Imposture

Publié le 09 décembre 2013 par Mentalo @lafillementalo

J’ai envoyé une carte à la famille de Lucette, et, très émus, ils me disent que je devrais écrire, abandonner mon métier. Je reste vague, je dis que j’écris, parfois, des textes, j’aligne des mots quand ma tête explose, mais que je serais bien incapable d’en faire un récit.

J’ai fait des crêpes et les enfants étaient contents; je me suis aussi fâchée parce qu’ils ont inondé la salle de bains et oublié de ranger la salle de jeux. De mon côté, trop occupée, je n’ai pas pris le temps de jouer avec eux, ni de les emmener au marché de Noël comme prévu. Je me demande quelle mère ça fait, ça, dans leur tête, quand on fait l’addition.

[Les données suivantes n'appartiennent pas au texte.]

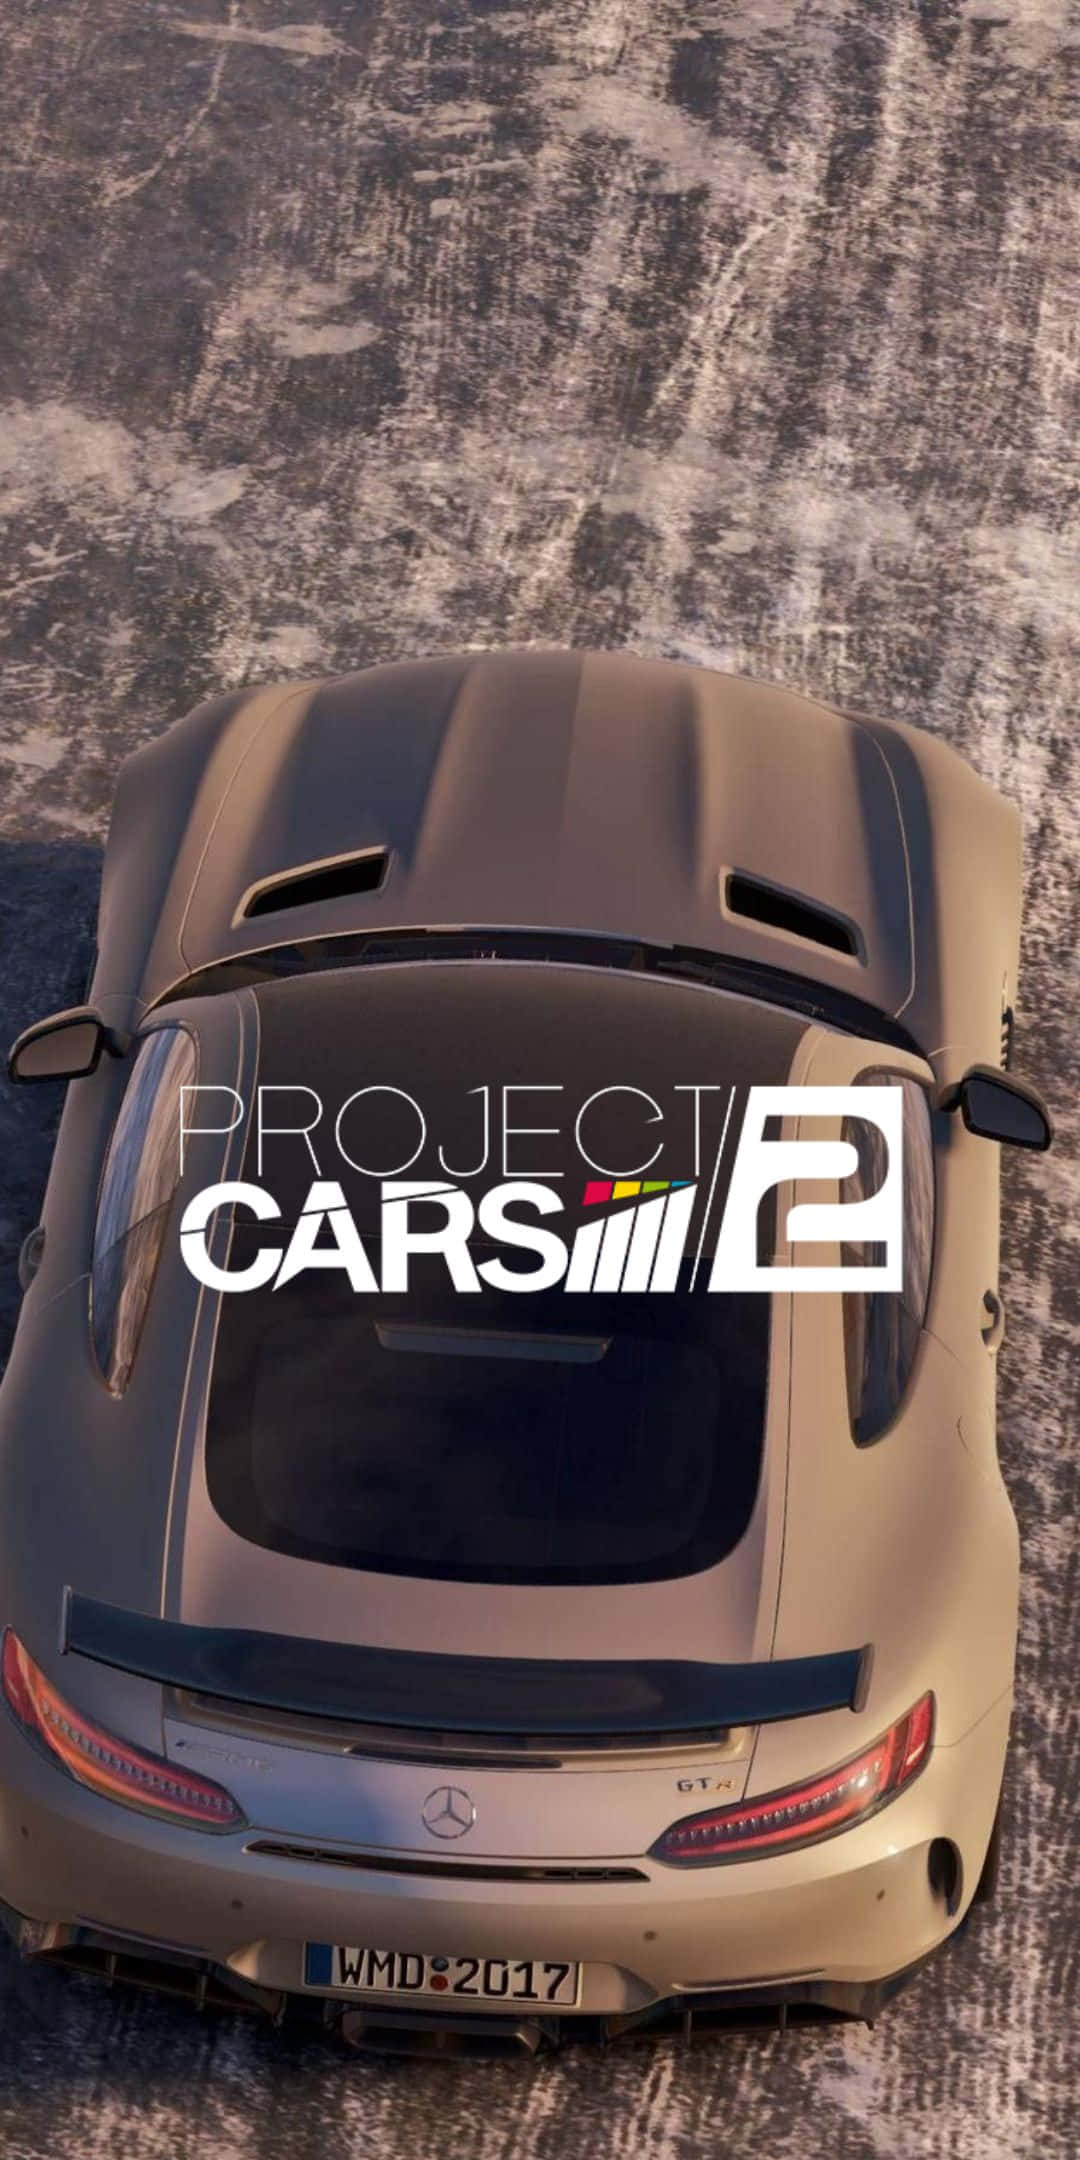 Fondode Pantalla De La Edición 2016 En Color Plata Del Mercedes Amg Y El Pixel 3 En El Juego Project Cars 2.
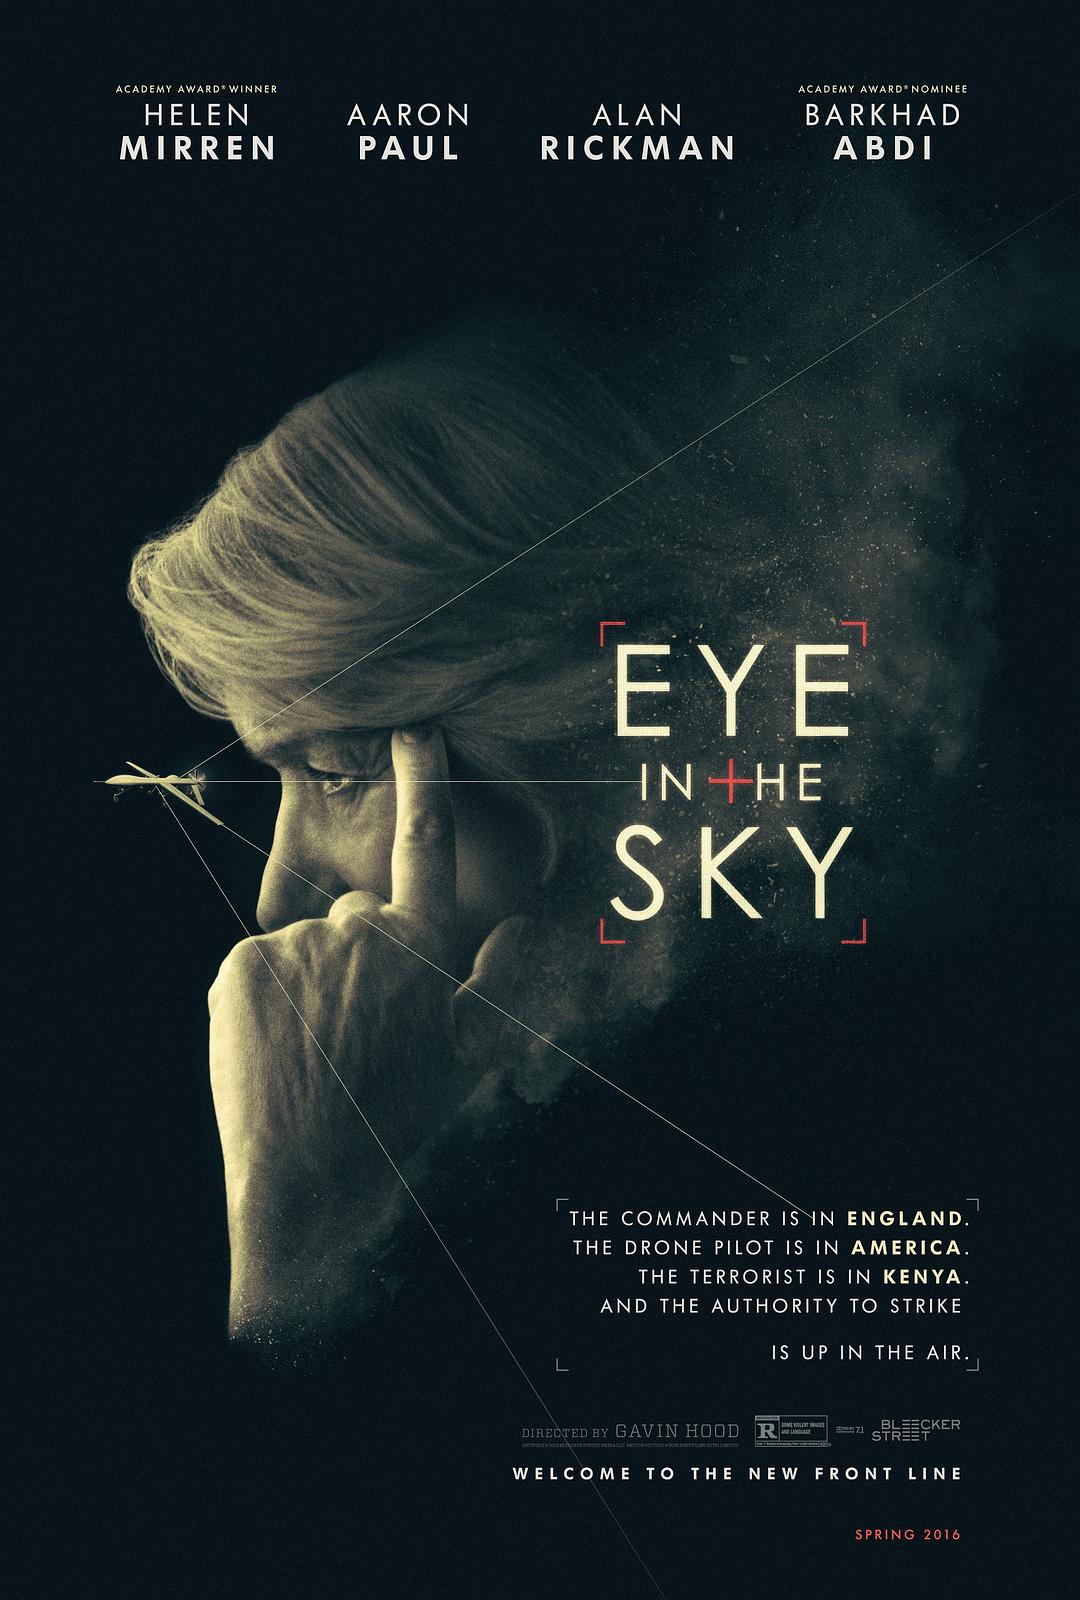 [天空之眼 Eye in the Sky 2015][DIY简繁双语字幕][HDU][30.46GB]-1.jpg

Je suis venue au travail et j’avais dix minutes de retard, comme d’habitude en somme. Dans le journal j’ai préféré lire la page des faits divers plutôt que celle des statistiques économiques. Je fais mon boulot sans bavure, comme une technicienne, mais pas comme une spécialiste que je ne suis pas, arrivée là par hasard et sans doute pour de mauvaises raisons. La jeune génération bardée de diplômes de matheux nous pousse dans le dos, et j’en conviendrais aisément si la hiérarchie me le faisait remarquer.

Je crois que l’amitié sauvera le Monde et le mien, et je laisse tous les mauvais prétextes m’envahir et m’empêcher d’être là ou d’avoir les bons mots quand il le faut. Je n’ai pas appris les gestes tendres et hormis ceux qui n’ont pas besoin d’être enseignés mon cerveau a toujours un temps d’avance sur mon coeur et freine ma main.

Aussi jolies que soient mes chaussures je me demande parfois si je ne marche pas parfois à côté d’elles. Cette impression de n’être jamais là où je devrais, où on m’attend, de ne pas correspondre à la carte de visite que je présente ne me quitte plus. Schyzophrénie douce-amère où l’écart entre celle que je voudrais être, celle que l’on veut que je sois et celle que je suis par la force des choses se creuse chaque nuit un peu plus.

Il va falloir prendre le temps de remettre un peu d’ordre là-dedans.